EXERCISE DETAILS = Starting at the line that contains "Kenwood DP-2050, DP-1050 Owner's Manual" and stopping at the line that contains "Asbach Besucher Center & Wein Destillerie", restate each line of the records below exactly. Omit the pictures.

EXCERPTED RECORDS =
※
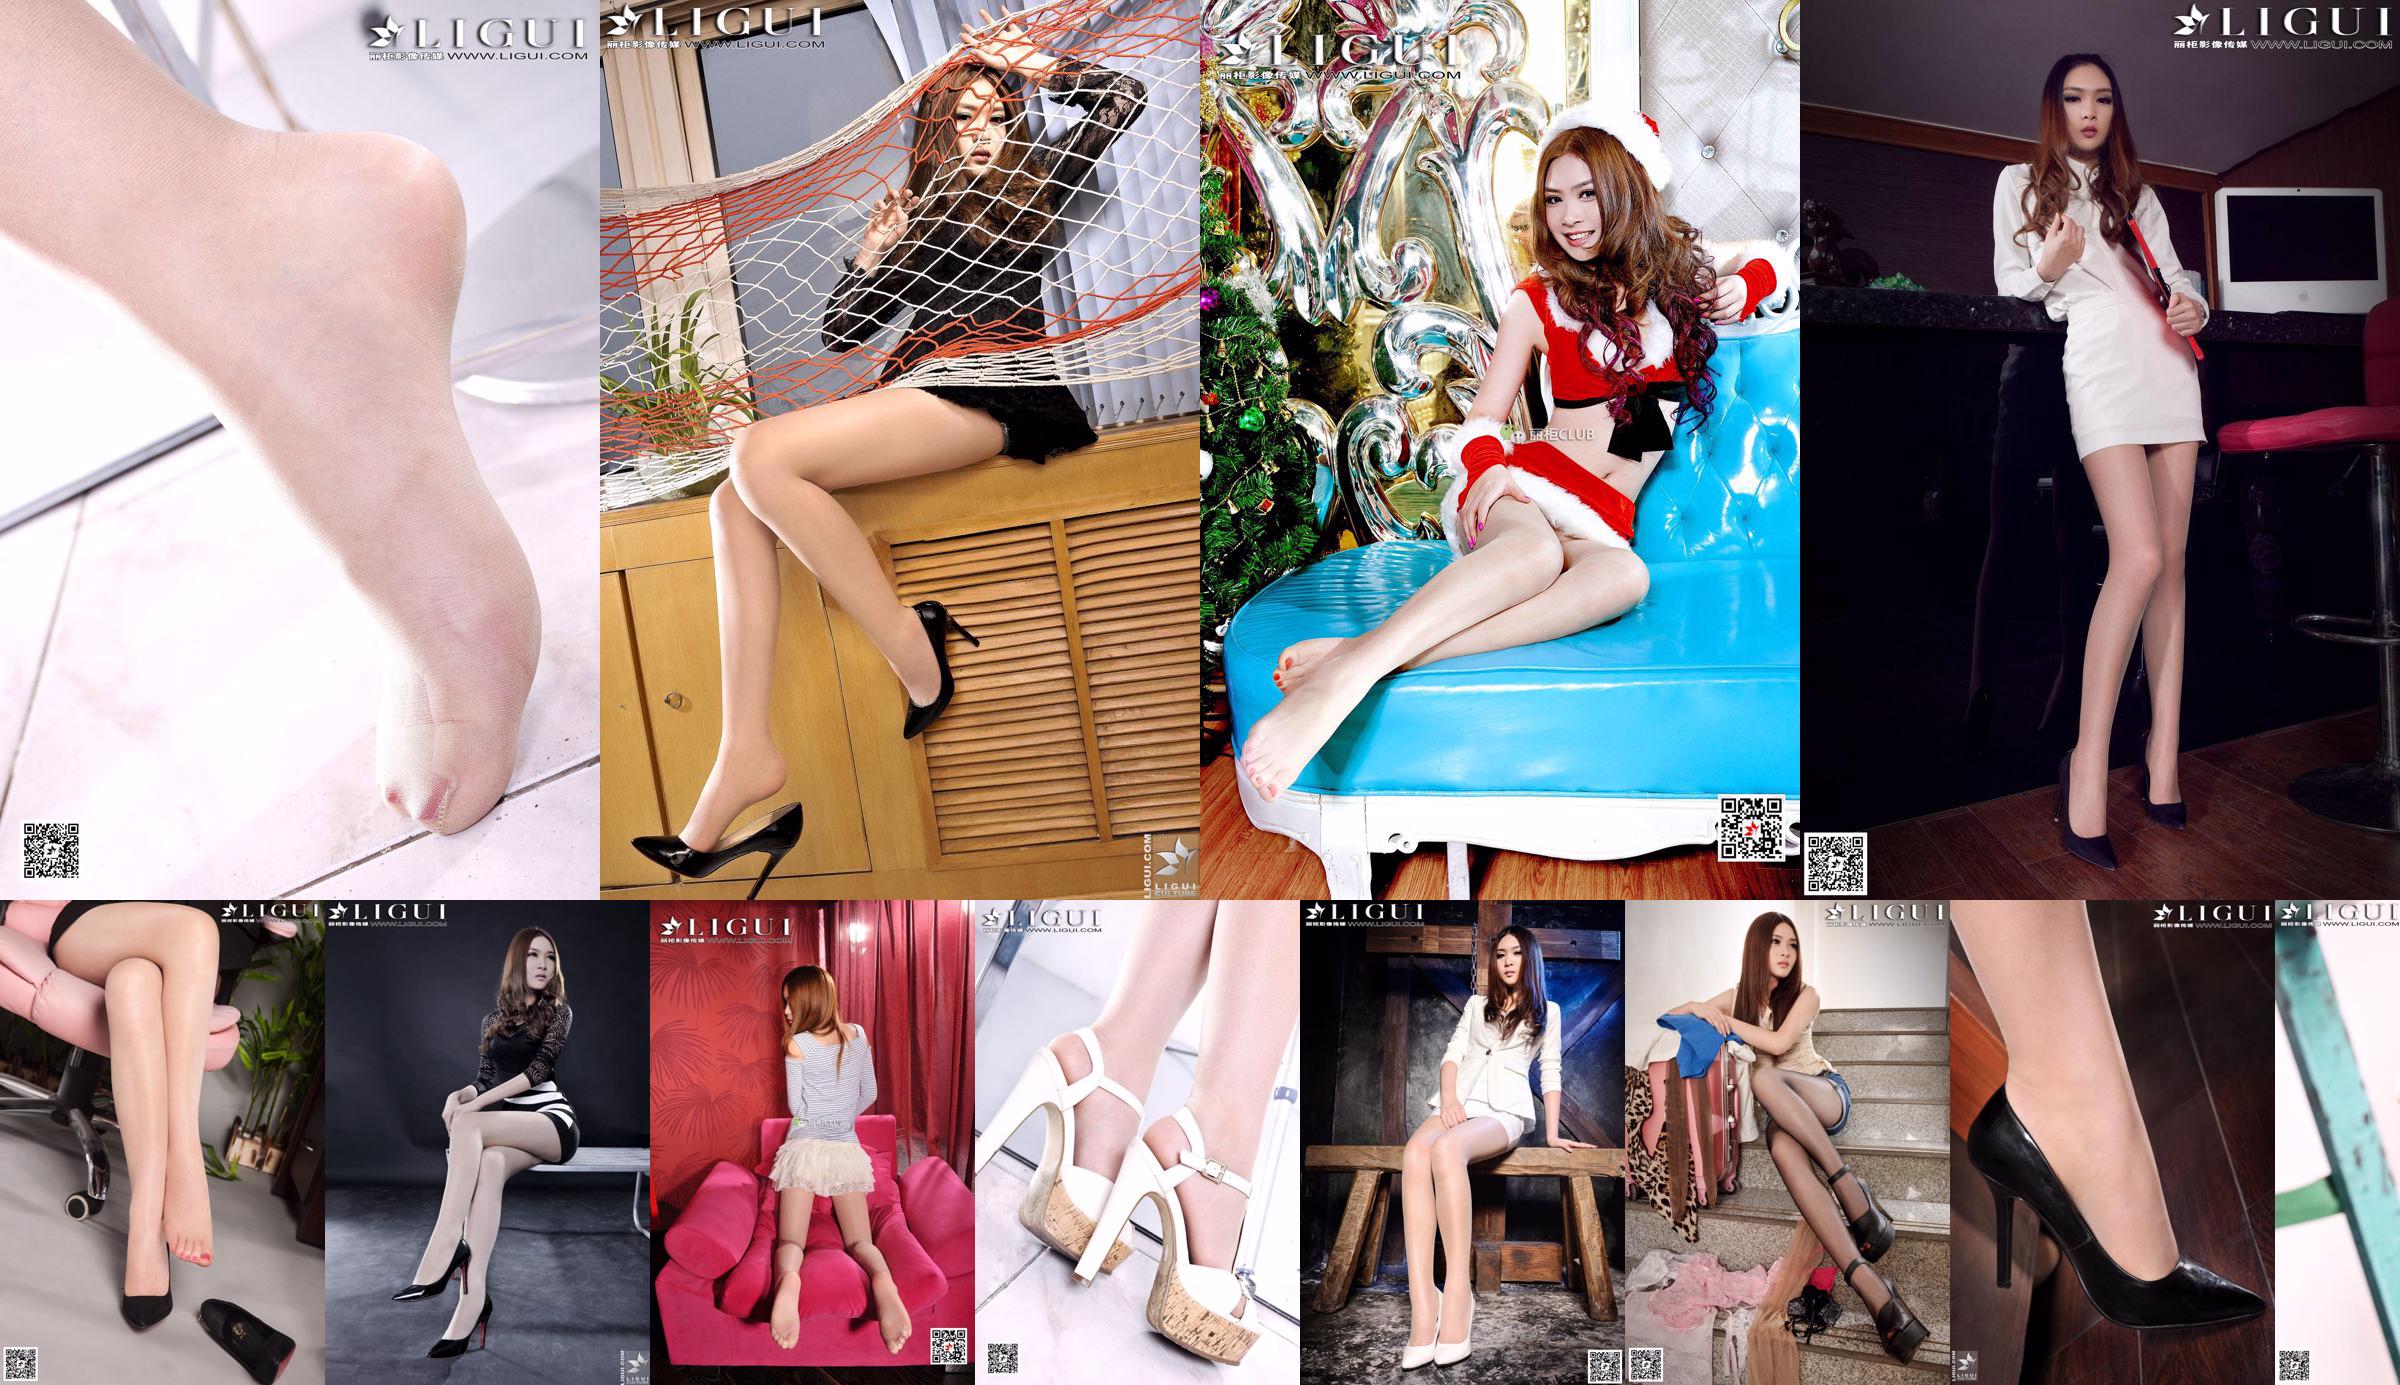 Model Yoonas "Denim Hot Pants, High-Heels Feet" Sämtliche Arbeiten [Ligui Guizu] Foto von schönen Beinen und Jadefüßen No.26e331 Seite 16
※
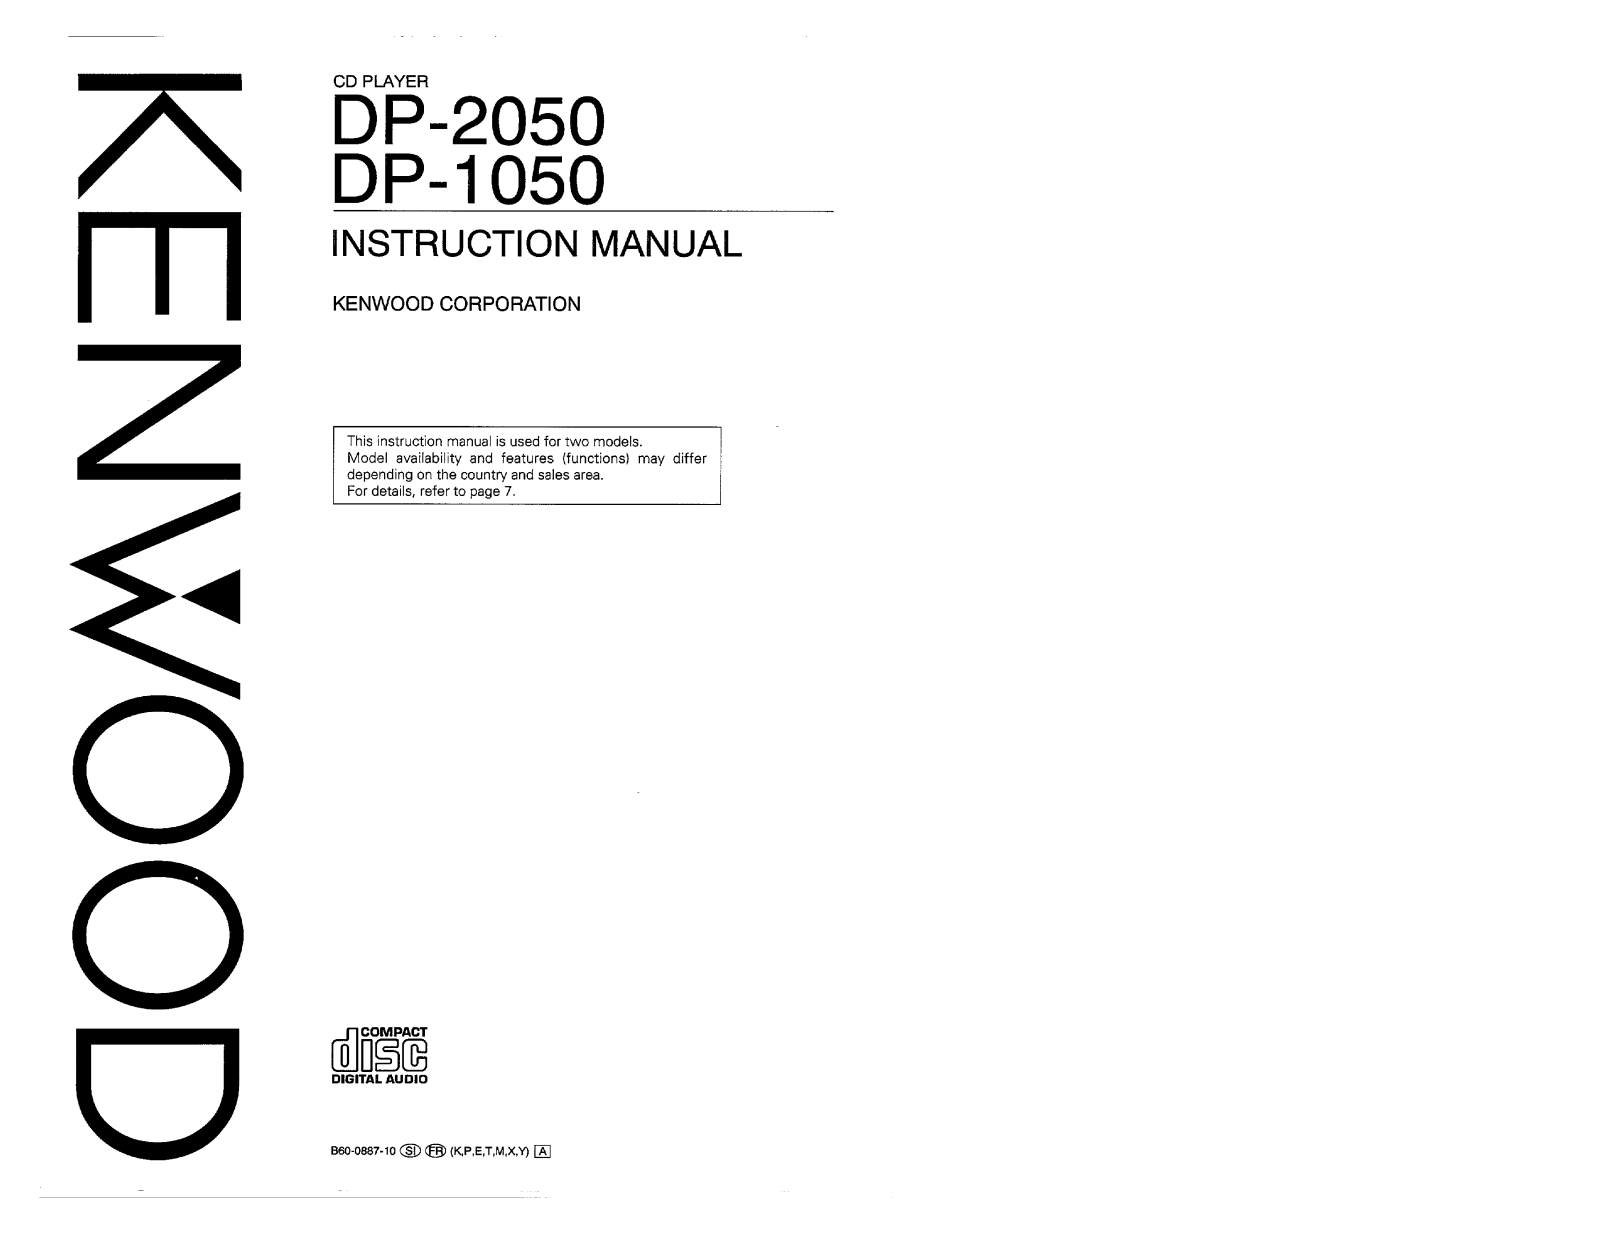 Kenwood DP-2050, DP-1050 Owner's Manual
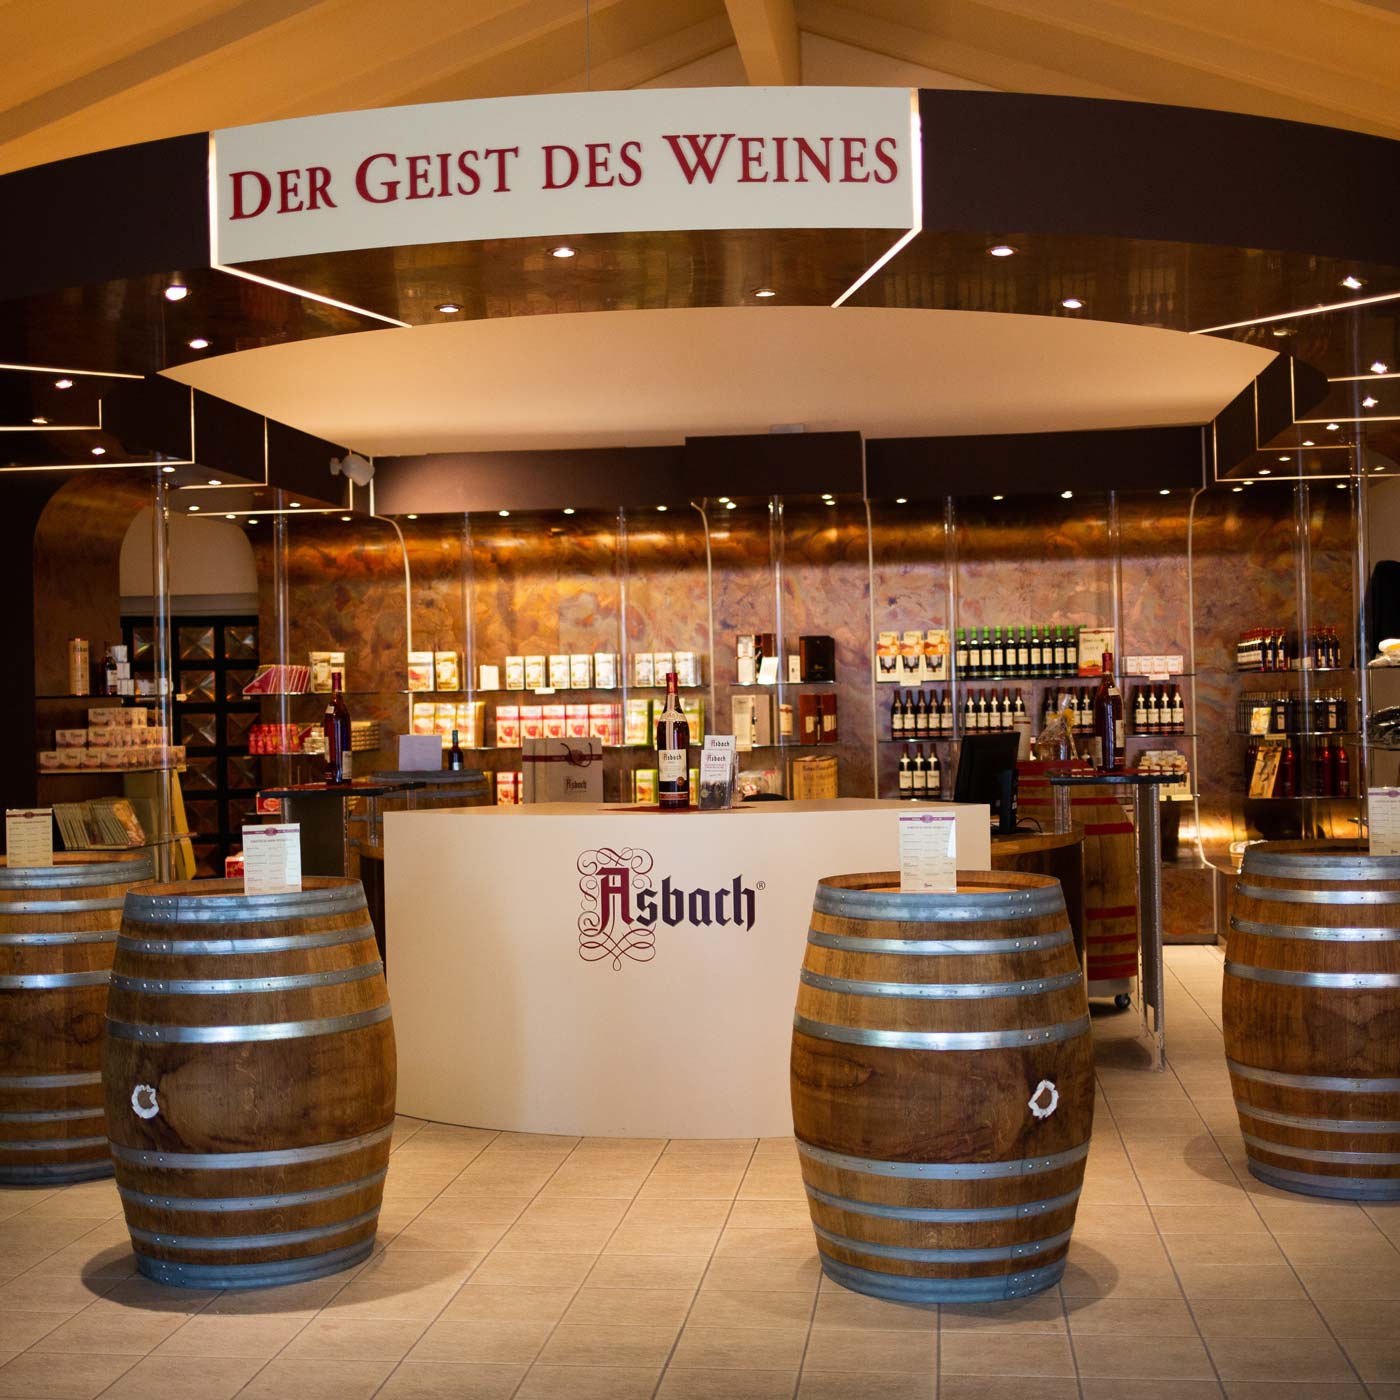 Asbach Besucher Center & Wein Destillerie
※
ANSWER FOR THE TASK =
 Kenwood DP-2050, DP-1050 Owner's Manual
 Asbach Besucher Center & Wein Destillerie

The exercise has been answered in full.